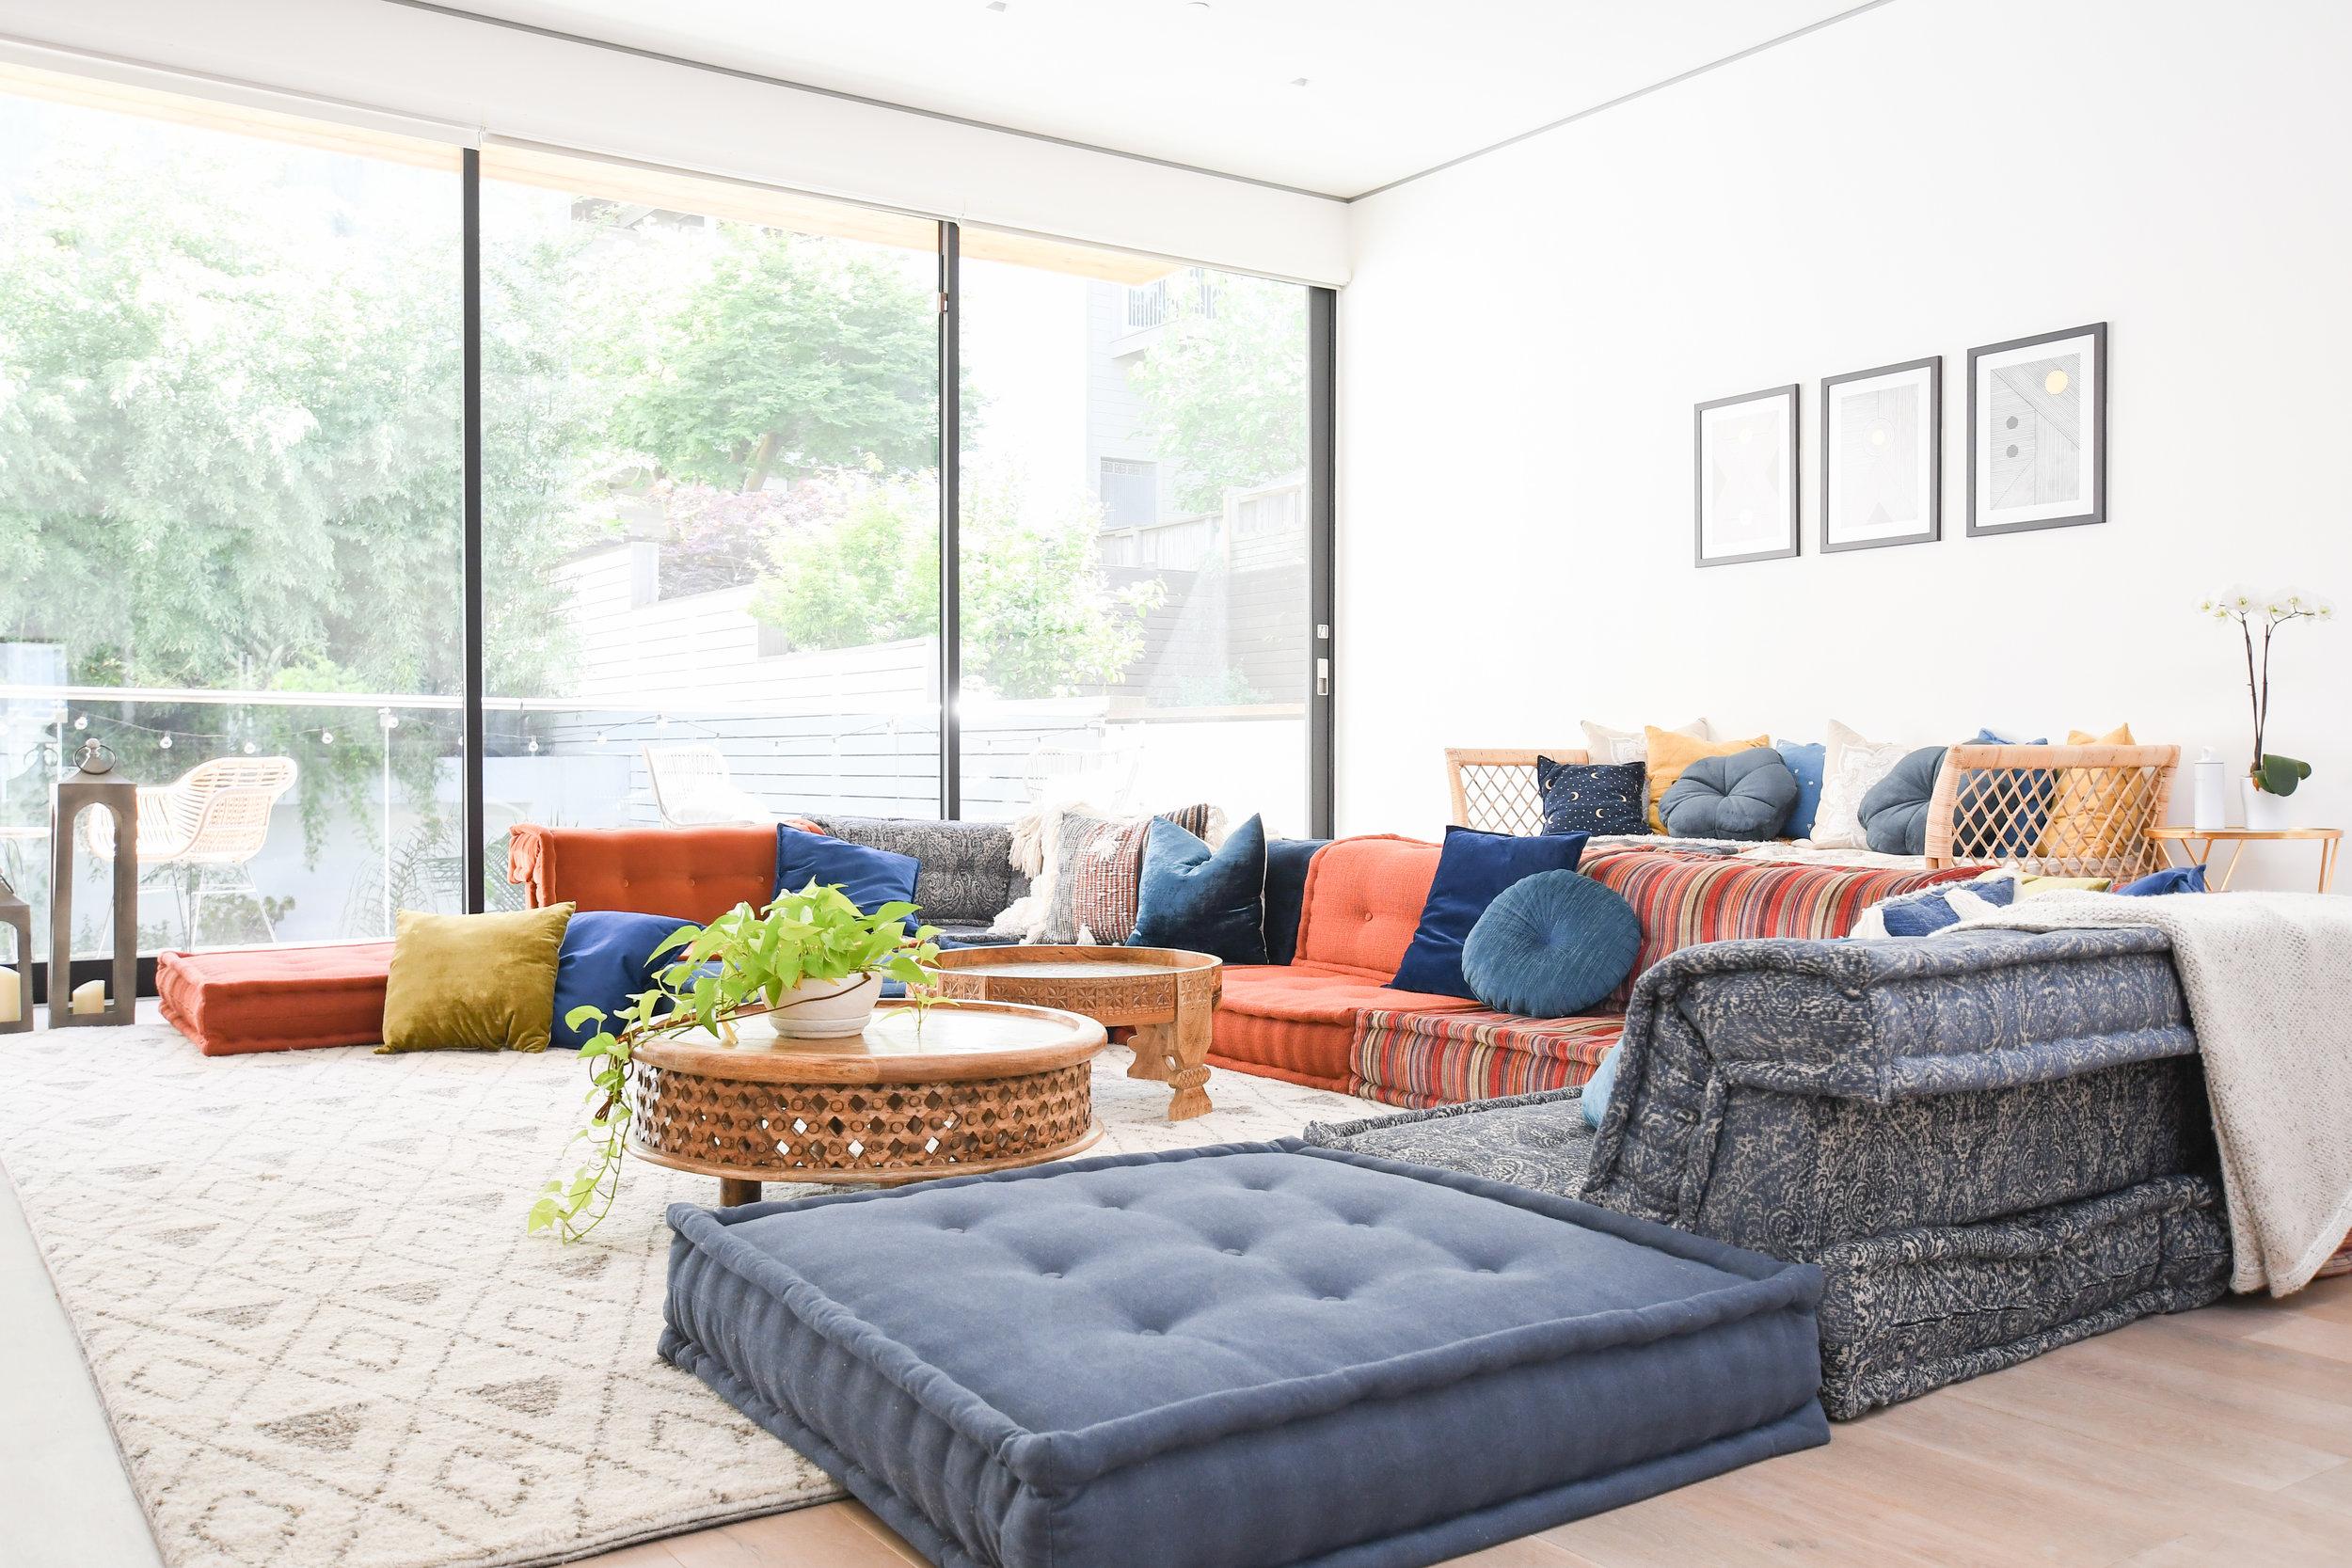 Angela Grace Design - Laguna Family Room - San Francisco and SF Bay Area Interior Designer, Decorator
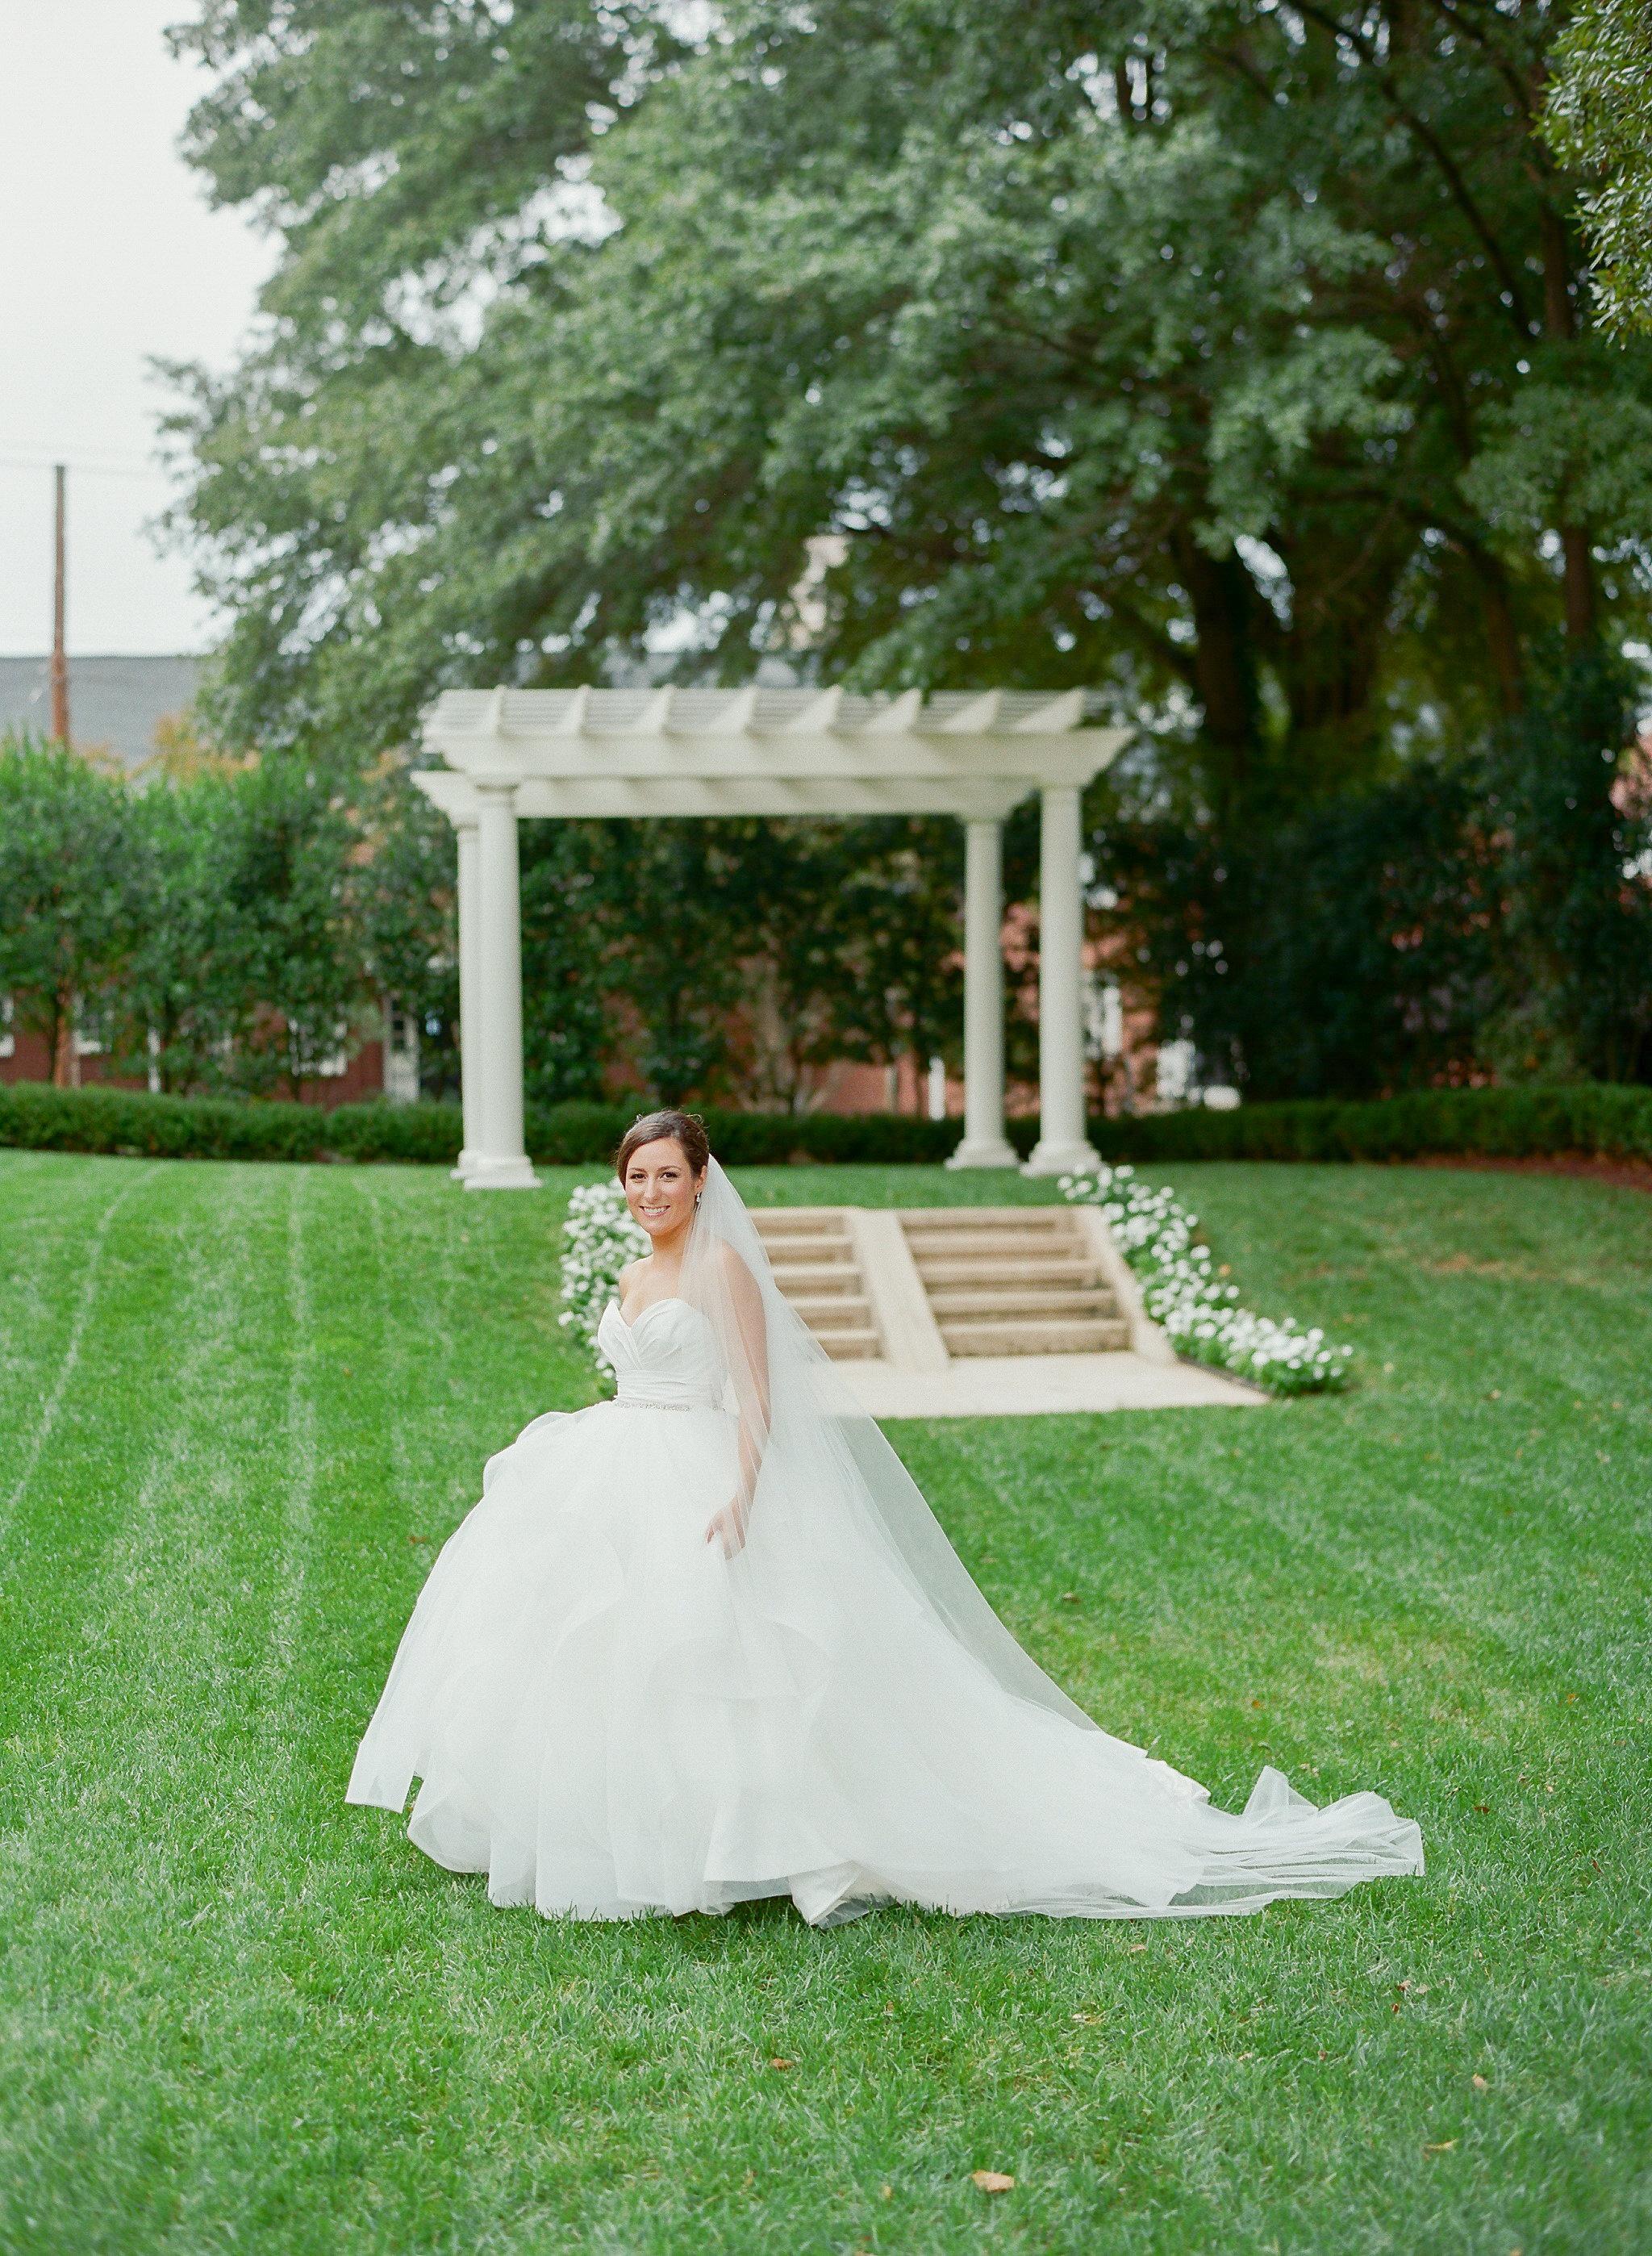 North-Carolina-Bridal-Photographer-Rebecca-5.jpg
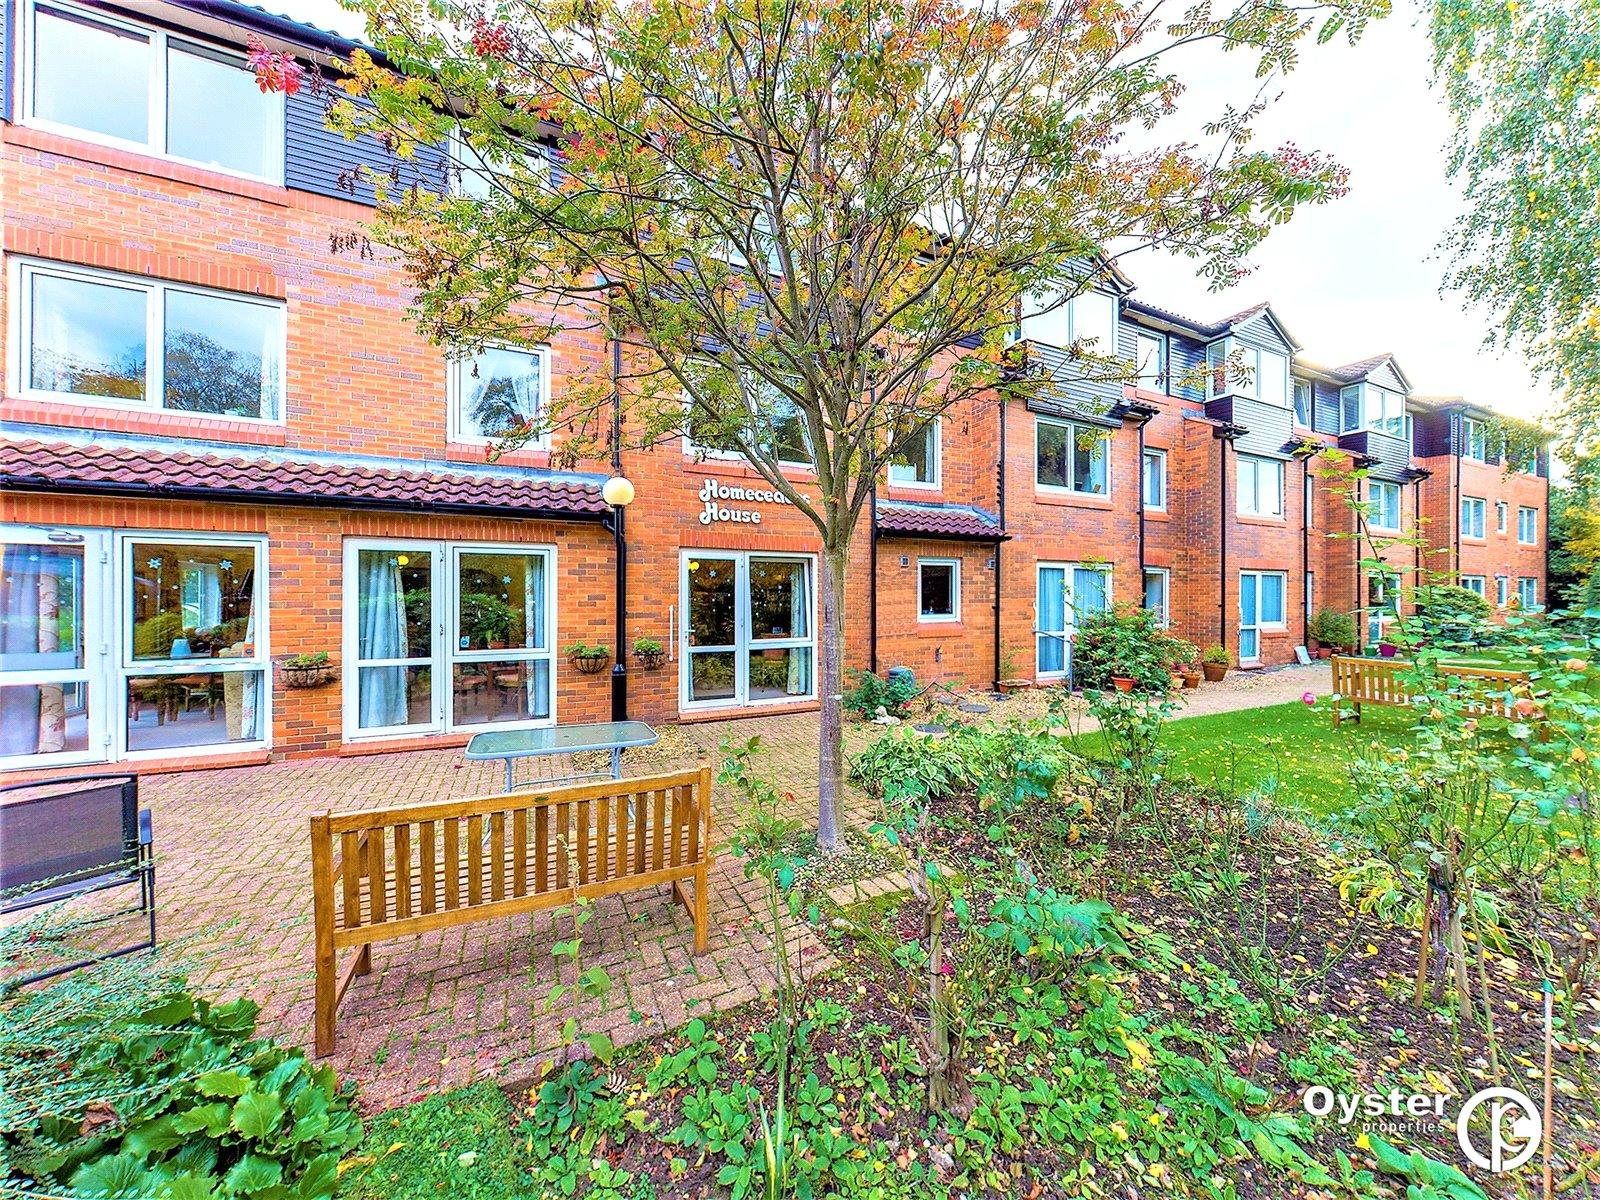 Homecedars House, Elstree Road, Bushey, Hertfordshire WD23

> PROBLEM DETAILS
Return the full listing above verbatim, please, but without its images.

> SOLUTION FOR THIS TASK
 Angela Grace Design - Laguna Family Room - San Francisco and SF Bay Area Interior Designer, Decorator
 North-Carolina-Bridal-Photographer-Rebecca-5.jpg
 Homecedars House, Elstree Road, Bushey, Hertfordshire WD23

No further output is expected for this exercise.